──────── DATA PROVIDED

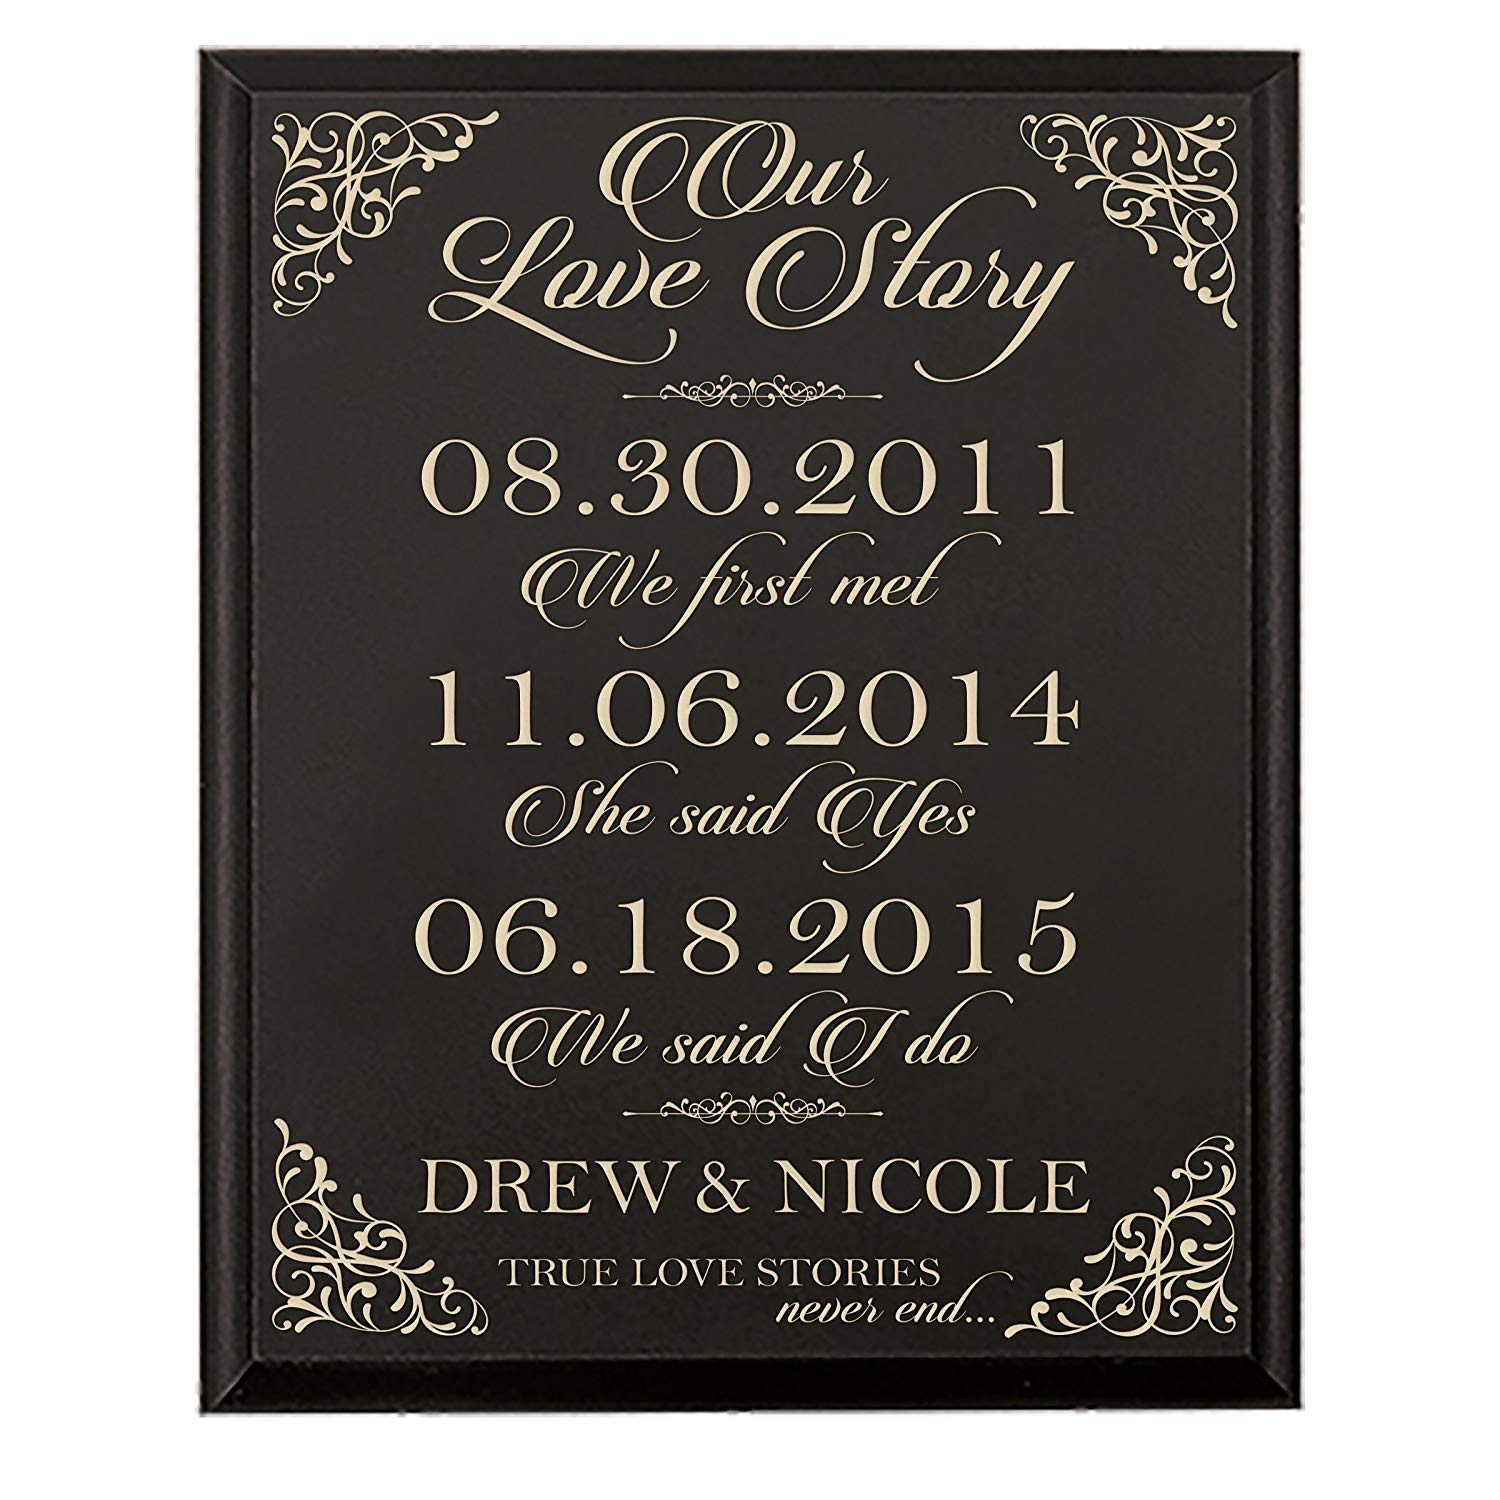 Personalized Wedding Anniversary Wall Plaque - Our Love Story - LifeSong Milestones
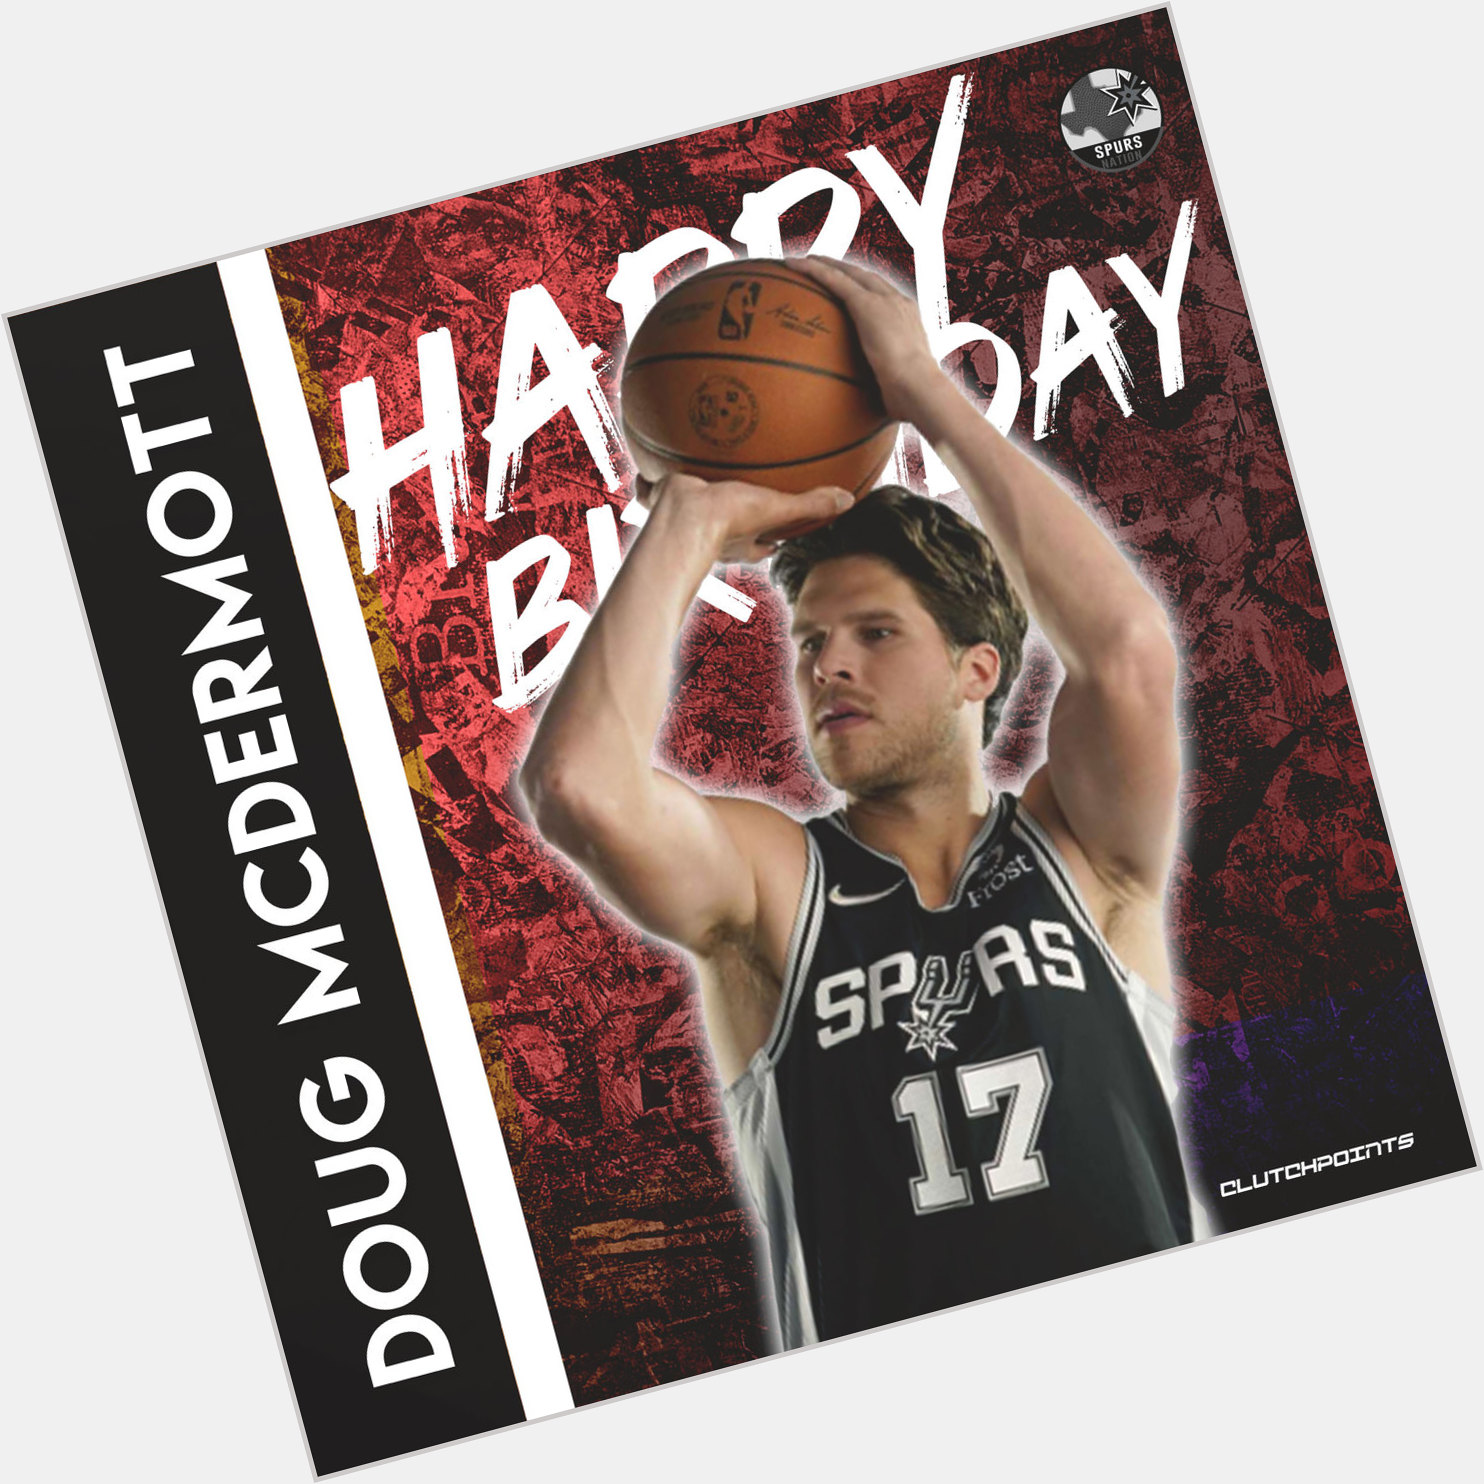 Join Spurs nation as we greet Doug McDermott a happy 30th birthday! 
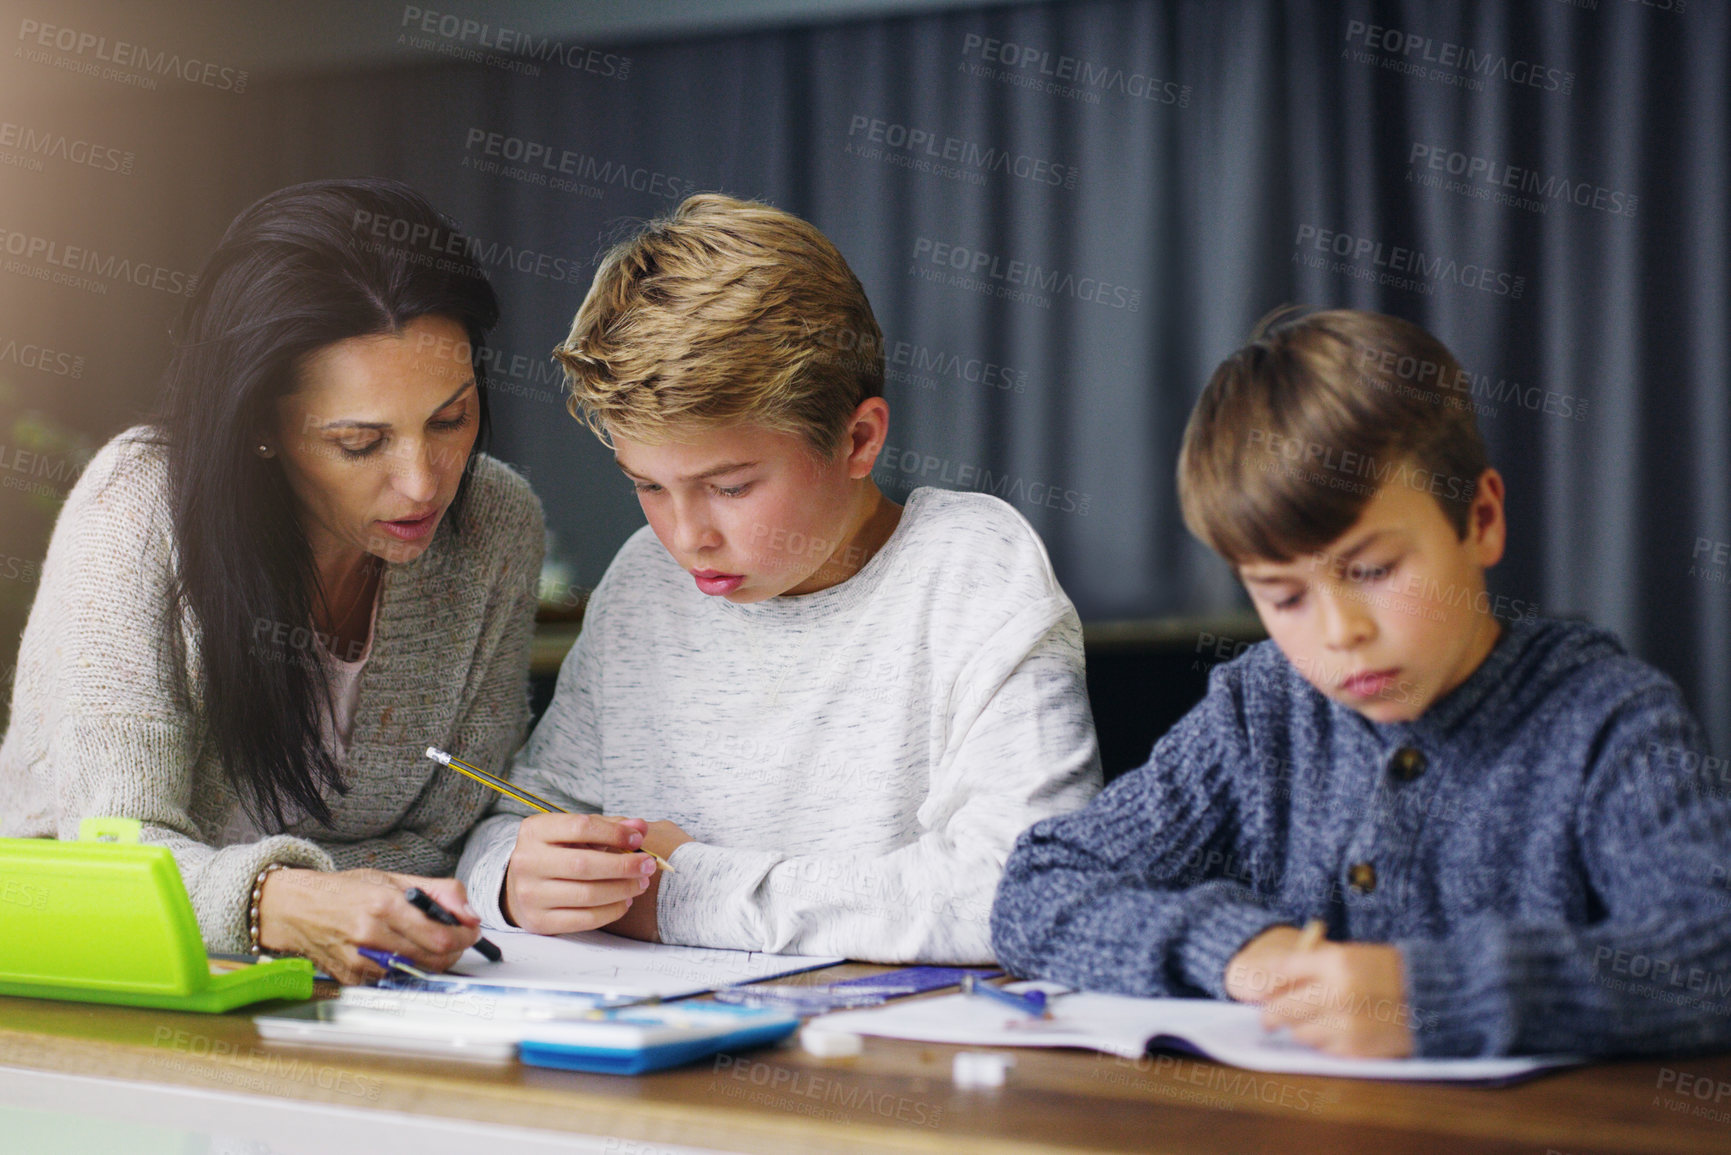 Buy stock photo Shot of a mother helping her sons with their homework
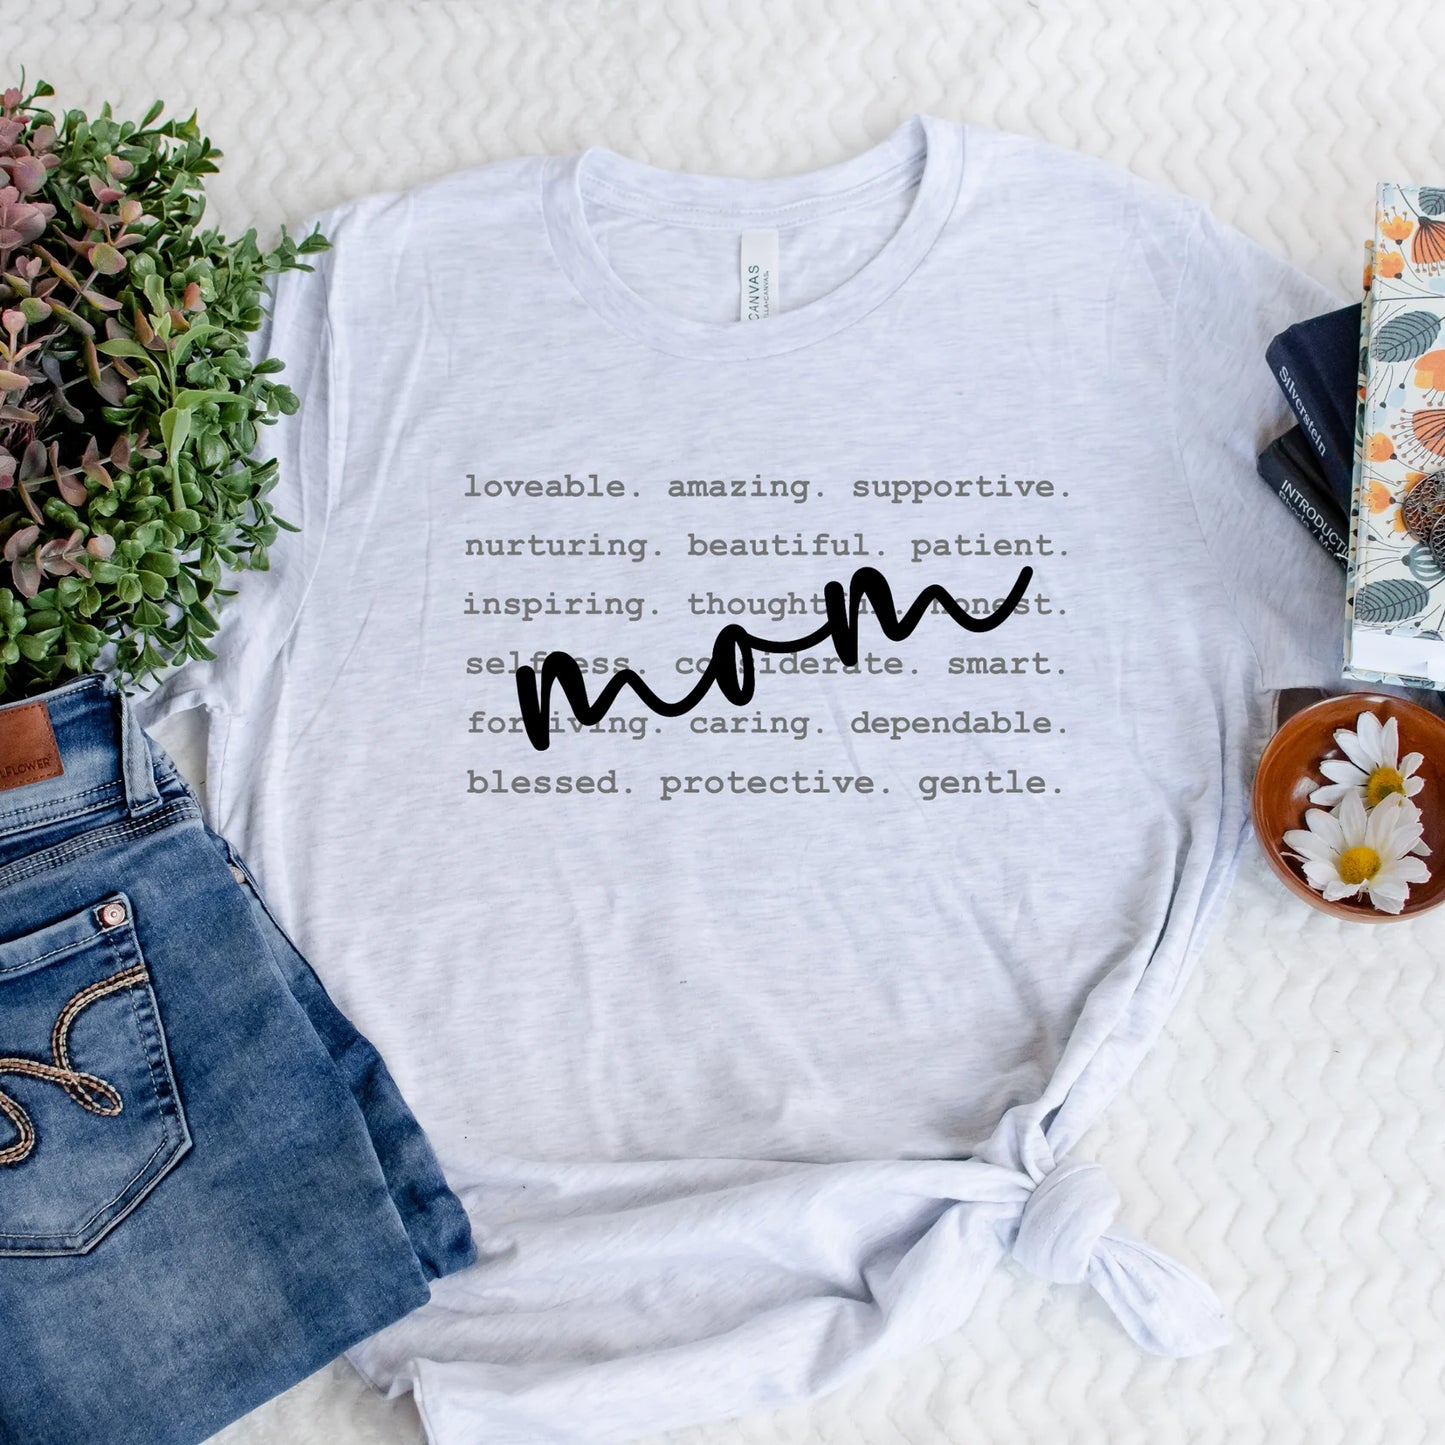 Mom Typography Graphic Tee - 3 colors

────────────────

WORK ORDER: The answer should contain every line of the material exactly as written and no pictures.

OUTPUT:
 Personalized Wedding Anniversary Wall Plaque - Our Love Story - LifeSong Milestones
 Join Spurs nation as we greet Doug McDermott a happy 30th birthday! 
 Buy stock photo Shot of a mother helping her sons with their homework
 Mom Typography Graphic Tee - 3 colors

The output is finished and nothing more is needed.